列車の中からインターネット

列車の中からインターネット
 
 かねてより話題になっていたインド国鉄のインターネット列車がついに実現。まずは6月末から、デリー・アムリトサル間、デリー・ボパール間路線のアッパークラス車両内でサービスを開始するとのことだ。 
 ここ数年、インドの通信環境の急発展には目を見張るばかりだ。国内の都市どこへいっても、インターネットにアクセスするのに不自由を感じることは無くなりつつある。ネットカフェ普及の背景には人びとの購買力不足がある。自前のPCや携帯電話を使ってインターネットに自由にアクセスできる人は、インドの膨大な人口を思えば、ほんの一部にすぎないことは間違いない。 

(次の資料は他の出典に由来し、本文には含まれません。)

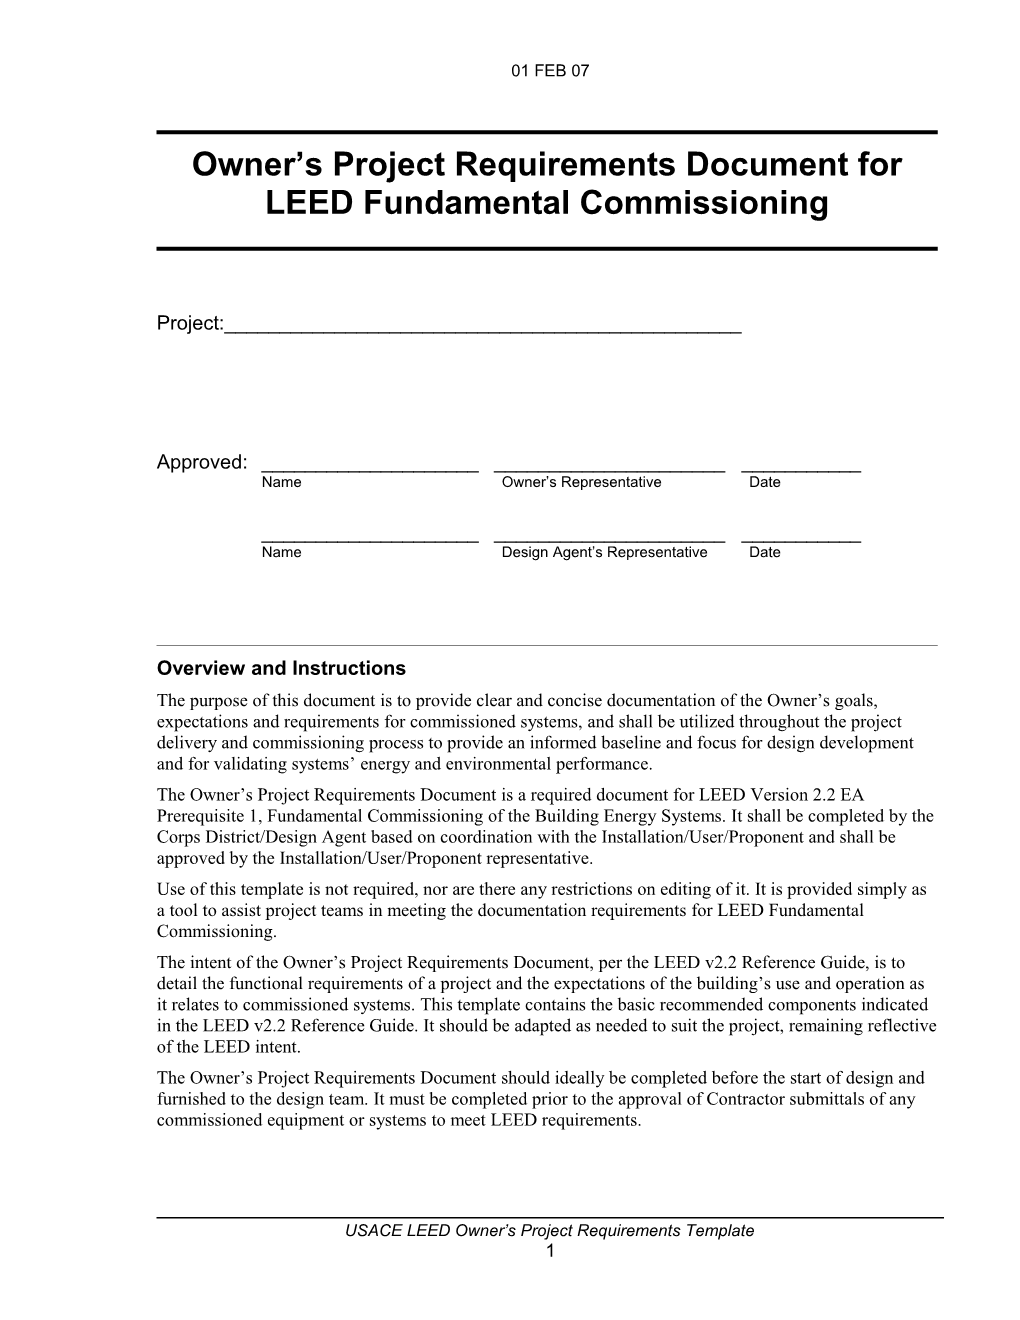 Owner S Project Requirements Document for LEED Fundamental Commissioning

 たとえ携帯電話の普及率がウナギ昇りでも、いまだ街角には電話屋の姿がある。「仕事の必需品だからね」とタクシー運転手たちが携帯を持つことさえ珍しくない。しかし、それはあくまでも都市部に限ってのことだ。
 日本の場合、ケータイの普及とともに、街角の公衆電話はその存在意義を危うくし、次第に撤去されていった。昔は台風や事故で電車が止まると、公衆電話の前に人びとが長蛇の列を作ったが、そんなもの今では過去の記憶の中の風景となってしまった。
 インドでは携帯の普及が、そのまま電話屋存続の危機につながっているわけではないようだ。高価な機器、割高な通話料金を負担できる消費者はごく一部にすぎず、大多数の人たちはいままでのように電話屋を利用するしかない。
 もともと自宅に固定電話を持つ経済力さえなかった層の人びとが、携帯電話という金食い虫に飛びつくとは考えにくい。現在、携帯電話を利用している人たちの多くは、以前から形は違えど、様ざまな消費生活を楽しんできた層である。 
 そう考えてみると、インドにおいてハイテクの象徴にも見えるネットカフェの普及や列車内のインターネット接続は、まだまだ多くの人びとが自前で通信端末を持てない不便さの裏返しではないかとも思えてくる。
 PCの購入やインターネット接続にかかる費用は、先進国でも途上国でも、他の生活物価ほどの大きな差はないという。つまり、後者の負担はより割高であるということ。先進国とそれ以外の国、また途上国の社会で暮らす人びとの間に立ちふさがるデジタル・デバイドは、まさしく大きな壁なのだ。